Чёрный, вязкий, как смола, чернозём, в котором может затонуть целый трактор по крышу кабины: разъезженные обочины – вся эта путаница из грязных кругов, полукругов и эвклидовых бесконечных параллельных прямых, столь смешных в этом мире, где нет ничего бесконечного и где в то же время беспрепятственно и существует лишь одно бесконечное: земля, небо, дорога и дырявые тени деревьев на ней.
Я сижу рядом с Улаевым на сыром, нагретом солнцем бугре и смотрю туда, куда смотрит и он. Сквозная, кудрявая, вся в первой ласковой зелени роща загораживает изгиб дороги от нашего взгляда, и поэтому мне всё время хочется вытянуть шею, чтобы заглянуть туда, за поворот, посмотреть: не идут ли они.
Земля медленно подсыхает в сизом дымке испарений. Над дорогой этот солнечный, лиловатый дымок чуть дрожит.
– Скоро? Когда они, собственно, должны появиться?
– Вот-вот. Потерпи!
Сергей, рассыпая табак, свертывает большую козью ножку. Он всё долгое время ожидания курит, нервно затягиваясь горьким дымом. Руки его при этом вздрагивают, шевелятся.
Сколько времени, ещё ждать?

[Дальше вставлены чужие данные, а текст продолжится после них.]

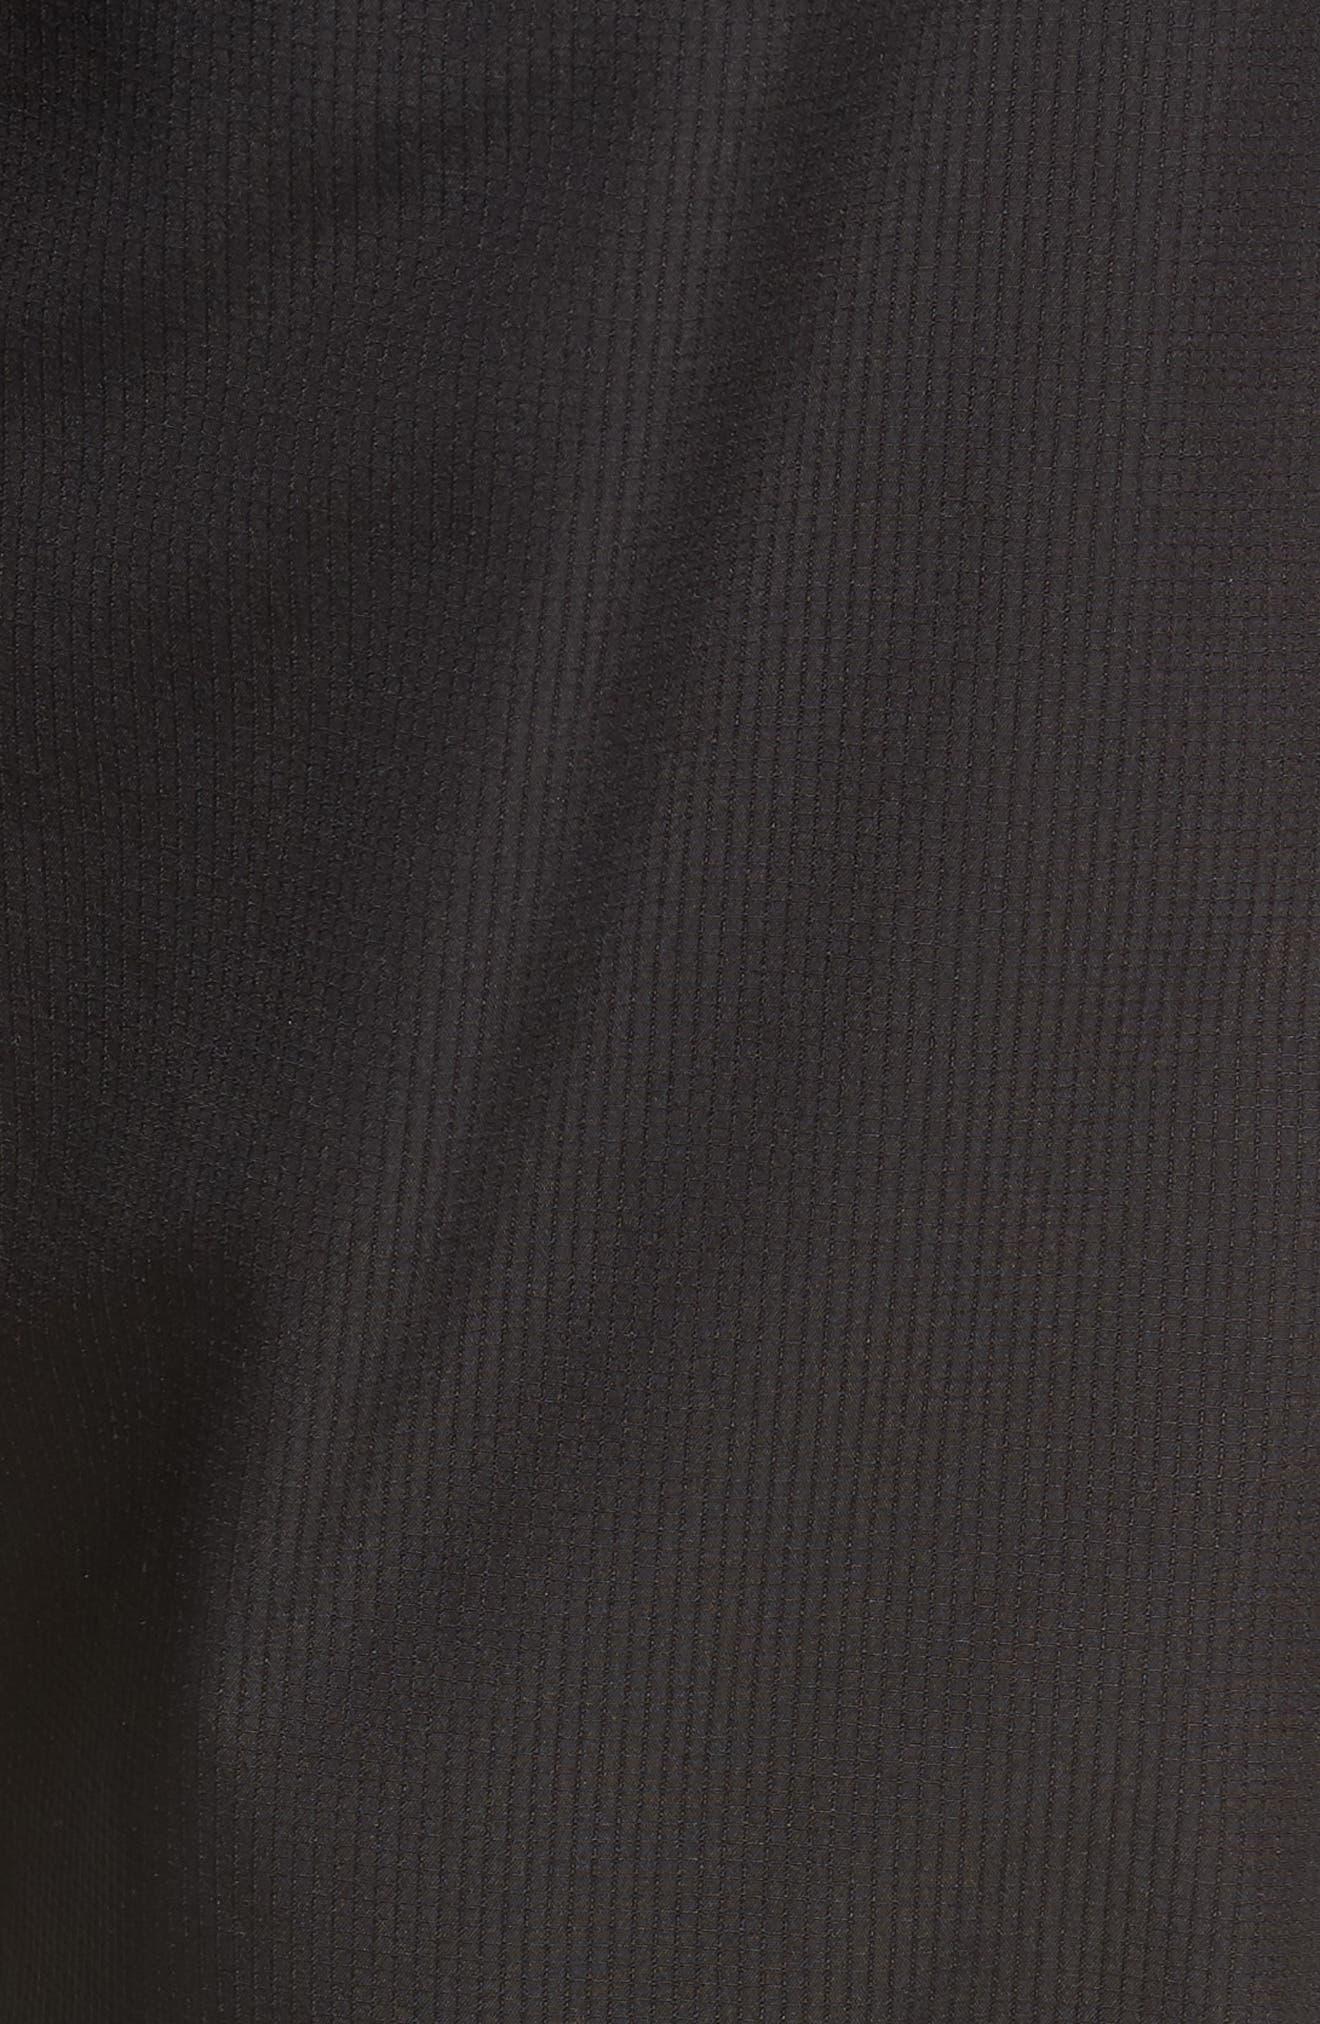 Authentics Track Pants,                             Alternate thumbnail 5, color,                             BLACK/ WHITE

Я не знаю. Терпение моё иссякает. Я то и дело приподнимаюсь, чтобы ещё раз взглянуть на дорогу.
Но вот из-за поворота, из-за белых, тонких стволов берёзовой рощи, наконец показались первые, ещё плохо различимые фигуры людей, согбенных под тяжестью карабинов. Вещмешки за плечами у этих людей такие же тощие, как и они сами.
Бойцы идут медленно, с усилием упираясь ногами в землю, как бы преодолевая сопротивление этой вязкой, расплывшейся почвы и в то же время как бы пробуя подошвами прочность её. Кое-кто покачивается на ходу из стороны в сторону; при этом серые головы на тоненьких шеях тоже покачиваются, как примятые, затоптанные цветы, когда они только-только оживают, распрямляясь из-под грубого сапога.

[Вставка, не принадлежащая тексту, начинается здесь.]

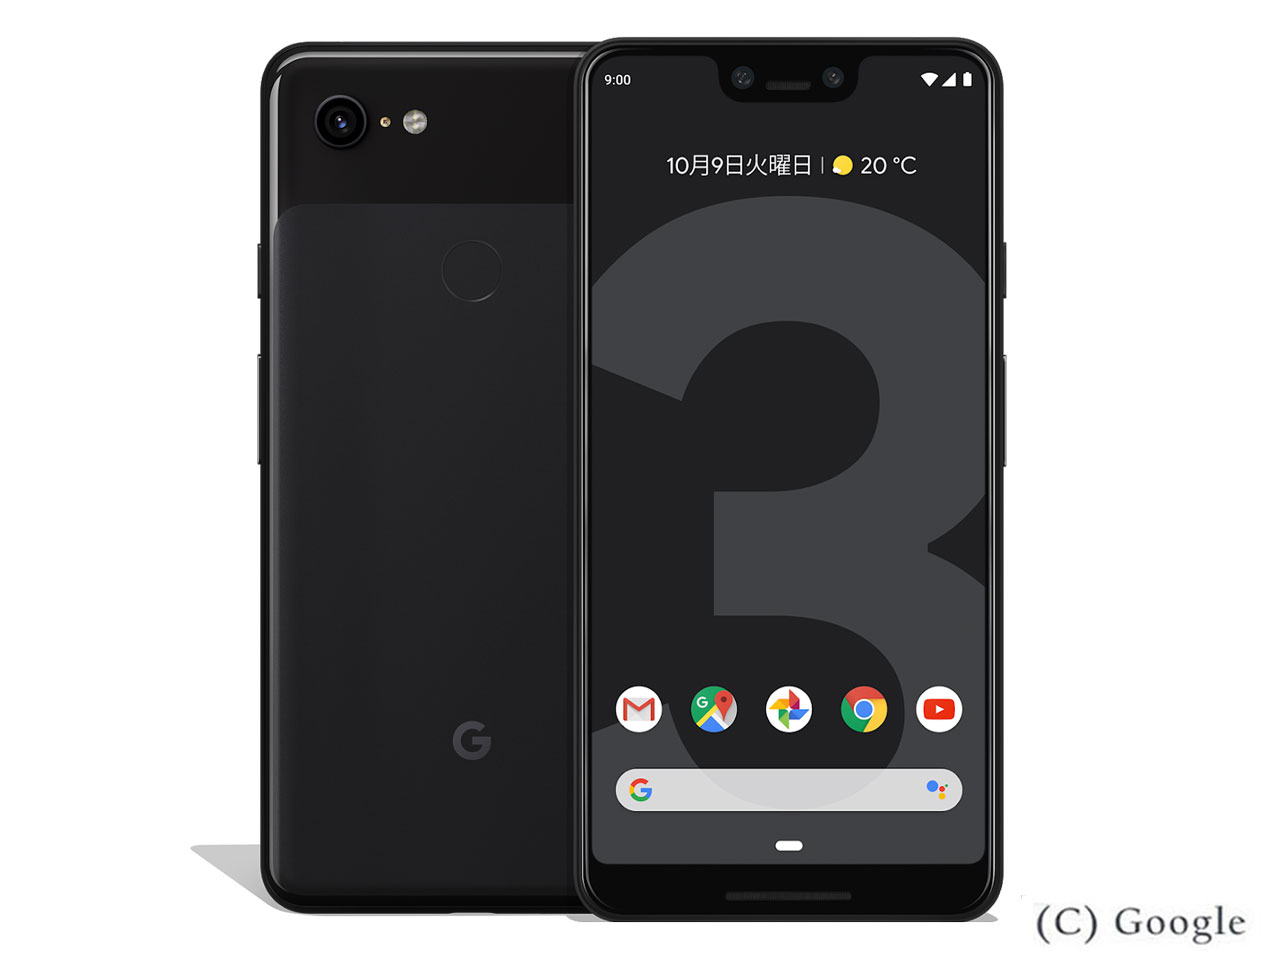 Google Pixel 3 XL 128GB SIMフリー [ジャスト ブラック] の製品画像

Они смотрят себе под ноги, не отрывая пристальных глаз от дороги. Только некоторые из них, да и то лишь время от времени, с удивлением поднимают взгляд и рассматривают пушистую зелень травы на обочине, нестройные купы берёз, ветки шиповника в набухших коричневых почках. Или слушают голос жаворонка, льющийся с неба.
Они идут гуськом, натужно ступая один за другим, и приглядываются к окружающему с такой робостью и осторожностью, что мне стыдно, неловко за них. В этом их приглядывании, в осторожности, в тихих взглядах сквозит выражение такой измученной скуки, такая усталость, что у меня на миг сжимается сердце. Так вот какими выходят оттуда!
Я вглядываюсь в их лица напряженно, с жадностью. Ни одной ответной дружеской улыбки в глазах, ни одного приветственного движения, словно они и не видят меня.
– Какая дивизия? – спрашиваю я у идущего впереди.
Тот на миг замедляет фаг и спрашивает не торопясь, равнодушно:
– Тебе-то какую надо?
– Маковца.
– Такой не слыхал... С нами не было рядом.
Я делаю несколько шагов, сопровождая его, мне хочется расспросить.
– Не знаю, сестра, ничего не знаю.
Он идёт дальше, трудно дыша, с некрупными, словно семечки проса, каплями пота на лбу и переносице, с бледным, морщинистым, бескровным лицом человека, не видавшего солнца; вероятно, был ранен ещё в первые дни окружения и успел отлежать свое по ледяным чернопалам, в землянках и гиблых чащобах.
Позади него, шагах в трёх, другой такой же бескровный и серый, оборванный человек. Как двойник: те же щели-морщины, те же блёсткие капли пота, та же скука в глазах. Он тоже ничего утешительного не сказал:
– Такой дивизии даже и не слыхал! Не знаю.
За ним новые и новые лохматые тени, и я не устаю спрашивать и третьего, и четвертого, и пятого, и шестого... Наконец я перестаю задавать свой вопрос и теперь только жду, пристально вглядываясь и не теряя надежды: не может быть, чтобы в этой массе не промелькнули свои!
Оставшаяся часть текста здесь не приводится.